2020年,可以說是台灣podcast的元年。素人podcast節目爆紅,「百靈果」、「股癌」與「台灣通勤第一品牌」,吸引數萬粉絲收聽;再加上本土podcast公司Sound On提供一條龍服務:內容製作、後台服務與廣告媒合,並推出自己的播放平台與節目,帶動社會製作podcast節目的風潮。


《光華》邀請台灣podcast界的先鋒《關鍵評論網》旗下節目「馬力歐陪你喝一杯」主持人楊士範,以及台灣非營利調查新聞網路媒體《報導者》旗下節目「The Real Story」主持人劉致昕來談他們製作podcast的過程與這種新敘事手法的特色。


「哈囉,大家好!這裡是馬力歐陪你喝一杯,我是馬力歐。One, two!One, two, three!」簡潔的開場白,接著一段輕快的爵士音樂,開始一場深入又隨性的對談。podcast是楊士範廣播夢的另一種形式,也是一場沒有設限的實驗。






2019年,楊士範在臉書成立Podcast Club,邀請同樣對推廣podcast有熱情的百靈果主持人Ken與凱莉加入,希望這個圈子能蓬勃發展。目前社團內有一萬位成員,有人針對錄音器材、剪輯軟體提問,也有人分享自己的新節目。
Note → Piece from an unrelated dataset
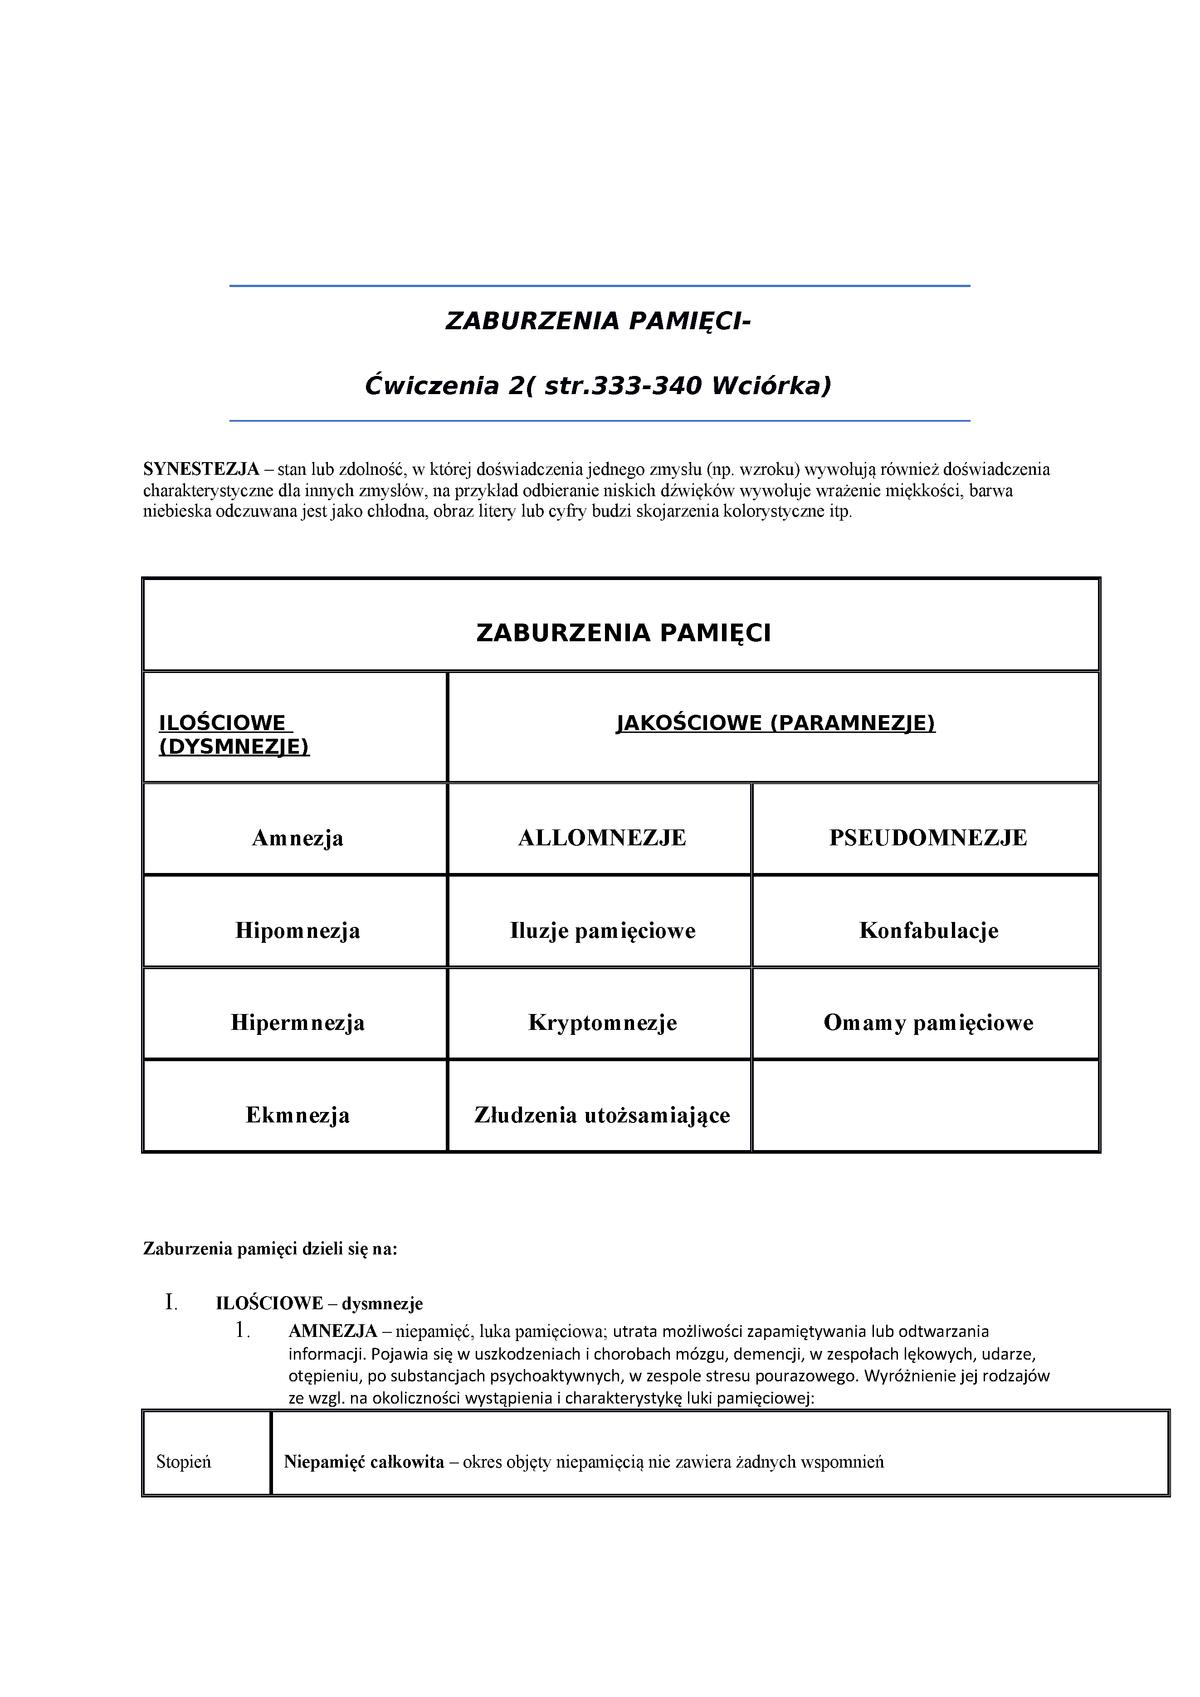 Psychopatologia Notatki Psychopatologia 06 Ps Nm 018 Uś

除了線上討論,每六~八周也會舉行實體活動,邀請知名podcaster分享經驗,再由五位社團成員輪流進行快講。

隨著這股風潮與錄音技術提升,台灣出現越來越多podcaster,帶動錄音器材與廣告的商機。楊士範常常被問:「台灣podcast市場到底在哪裡?」,他表示:「沒有人說的準。現在台灣已經離開創新者(Innovators)的階段,進到早期採用者(Early Adopters)尾端,但還沒進入早期大眾(Early Majority)。要進到下一個階段,需要更多新類型的節目加入,吸引原本沒有在聽podcast的群眾。」



2020年8月,《報導者》推出podcast節目「The Real Story」,由副總編輯劉致昕擔任主持人,請社內記者回顧採訪幕後,專家回答聽眾問題,也針對社會議題,請受訪者上節目說他們的故事,希望透過這個媒介去接觸不習慣閱讀長文的群眾,並與他們對話。











他以《紐約時報》「The Daily」節目中的一集「Tilly Remembers Her Grandfather」為例,該集講述新冠肺炎下的集體創傷,以訪問小女孩的形式,對比爺爺去世前後,對她生活與心情的影響。從小女孩的回答,聽眾可以去思考如何面對這個議題。節目中,主持人並沒有說明新冠肺炎造成的經濟低落或引用其他數據,而是透過故事,讓聽眾自己去感受、認識一件事情。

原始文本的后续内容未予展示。